TOKYO (The Japan News/ANN) - Liberal Democratic Party heavyweight Toshihiro Nikai said Prime Minister Shinzo Abe could serve a fourth consecutive term as party president ― a comment viewed by some in the LDP as part of Nikai’s strategy to remain secretary general of the party. 

Nikai played a leading role in amending the LDP’s charter to allow party presidents to serve three consecutive terms, paving the way for Abe to win a third term in 2018.

His remarks will likely affect the plans of LDP members who are manoeuvring to find a leader to succeed Abe.

“Given Abe’s current strong efforts, [a fourth term] is fully possible. If we can’t find a suitable successor to replace him, I see no problem [with extending his tenure as party leader],” Nikai said during a press conference on Tuesday.

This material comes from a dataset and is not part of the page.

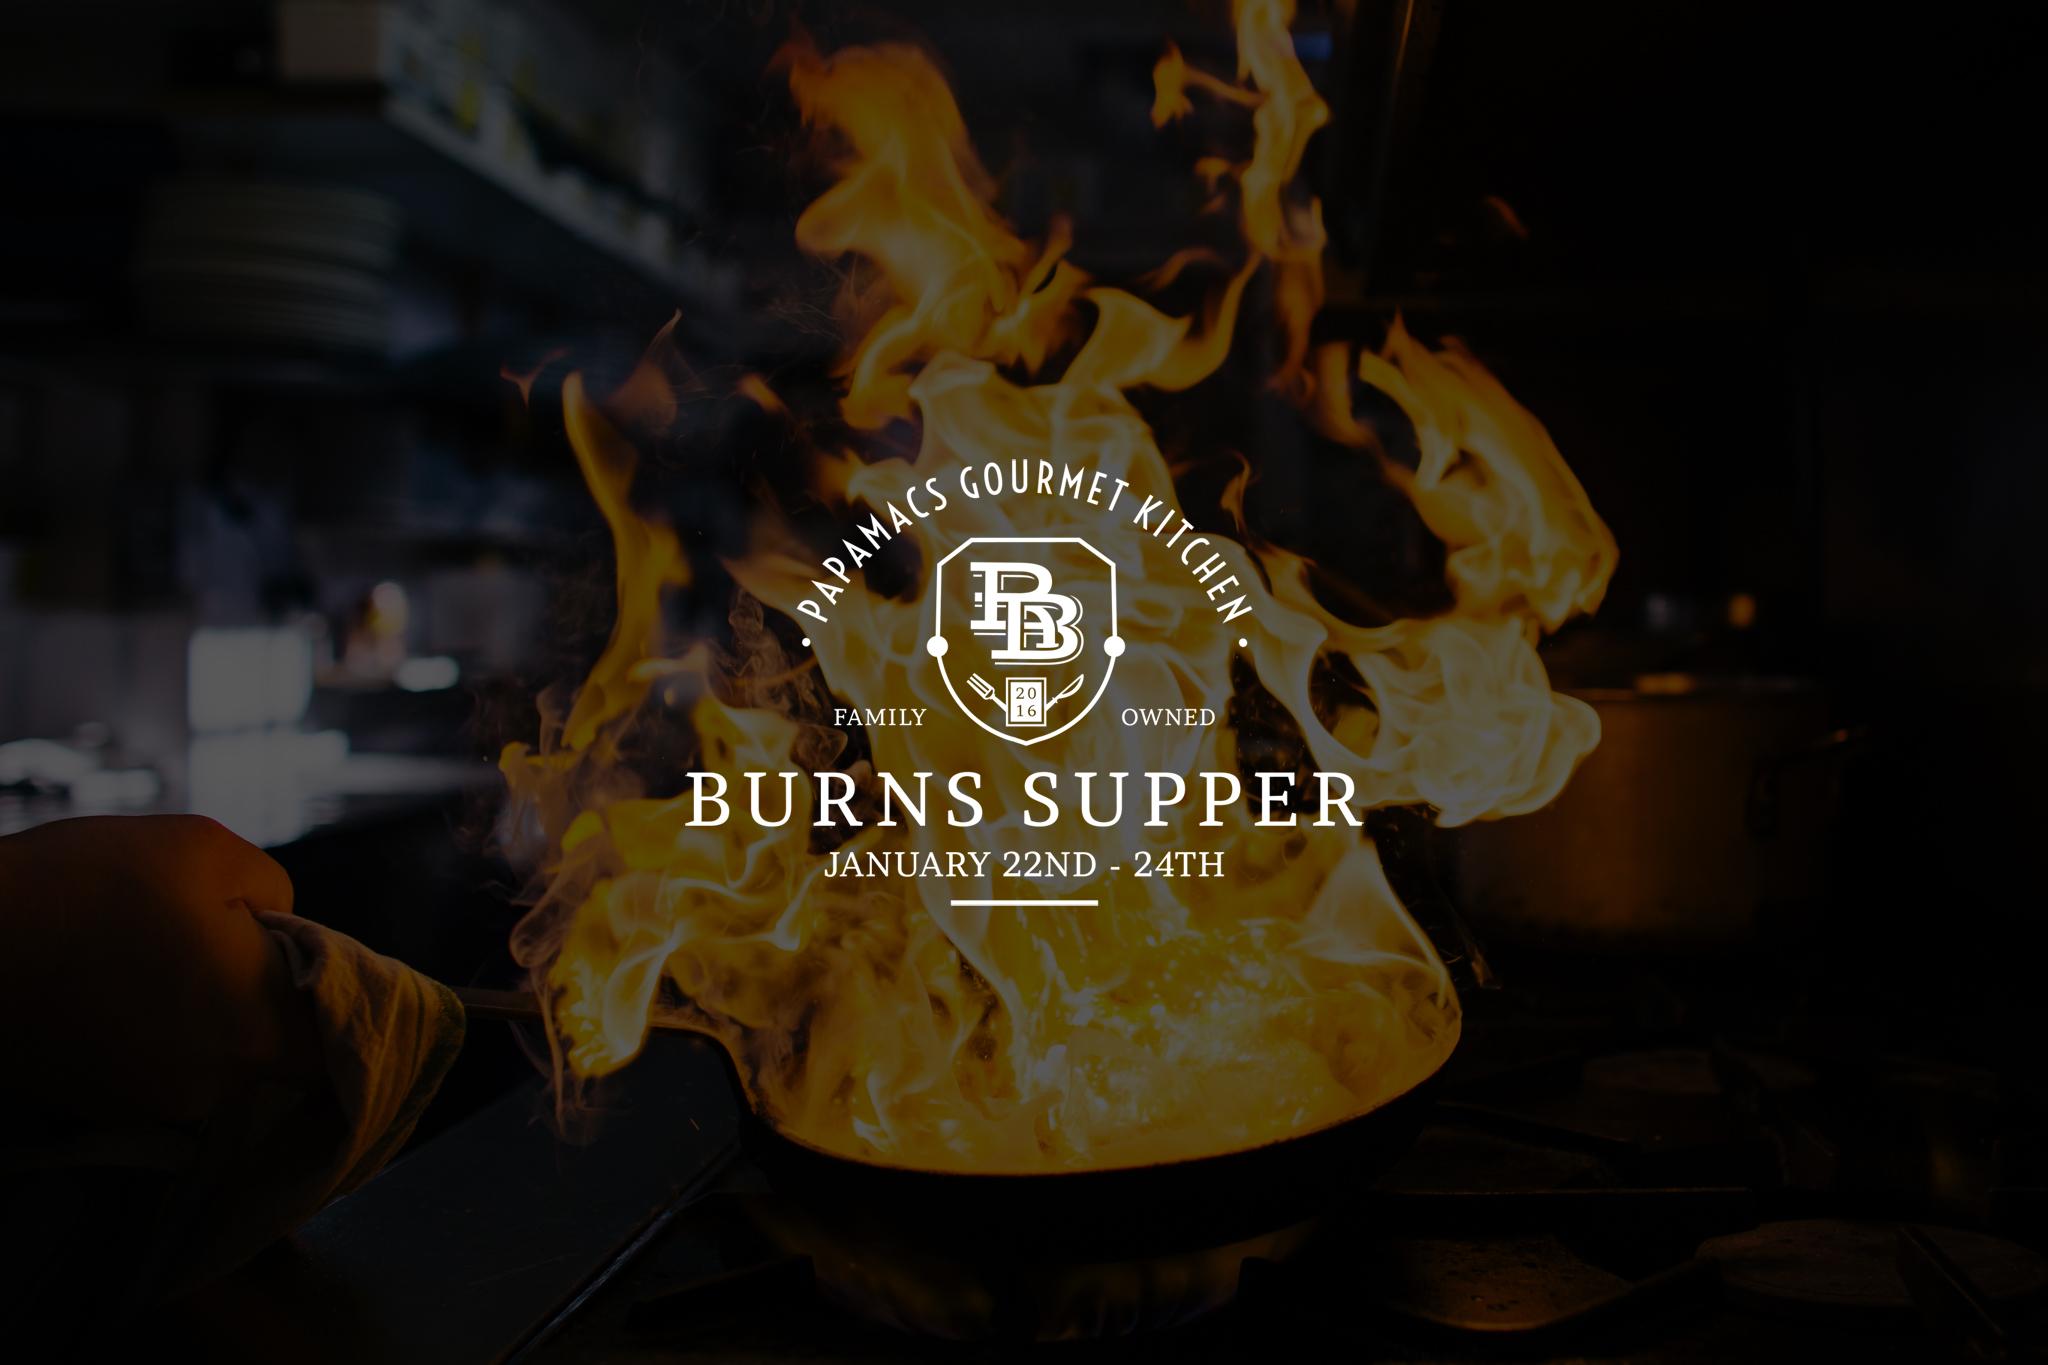 Papamacs-Burns-Supper-2016-FB-02.JPG

Nikai also referred to Abe’s reputation, saying: “He has won approval within and outside the party, and especially from foreign countries. I have no doubt he is working his hardest and meeting the expectations of LDP members.”

It was the first time Nikai publicly referred to a possible fourth term for the prime minister, though Katsunobu Kato, chairman of the General Council and a close aide of Abe, has mentioned the possibility.

Some LDP members suspect that Nikai’s remark is the opening gambit in his strategy to remain in the post of secretary general following the House of Councillors election this summer.

That is because Nikai was able to keep his post after the LDP presidential election last year by moving quickly to pledge his support for Abe ahead of the poll and creating the momentum that swept the prime minister to a third term.

Abe himself can avoid a lame duck administration should it become more likely that he will serve a fourth consecutive term. The prime minister’s third term as LDP president will expire in September 2021.

A former Cabinet minister said Nikai made his remark after surmising the prime minister’s intentions.

Nikai’s faction lacks a prominent candidate to succeed Abe. As a result, Nikai wants Abe to remain in office to allow his faction to remain a mainstream force in the party, observers said.

Meanwhile, LDP Policy Research Council chairman Fumio Kishida ― who has expressed a desire to succeed Abe ― made comments that are seen as an attempt to head off the move toward a fourth term. 

“For one thing, it is clear that the current LDP charter limits [party presidents] to three consecutive terms,” Kishida told reporters at the Diet Building on Tuesday.

Former LDP Secretary GenSecretary-Generalba, who challenged Abe in the presidential race last year, reportedly commented, “It should be impossible for momentum to grow [for a fourth term for Abe].”

“The people are fed up with the Abe administration, and they don’t want a fourth term,” said an LDP member of Ishiba’s faction.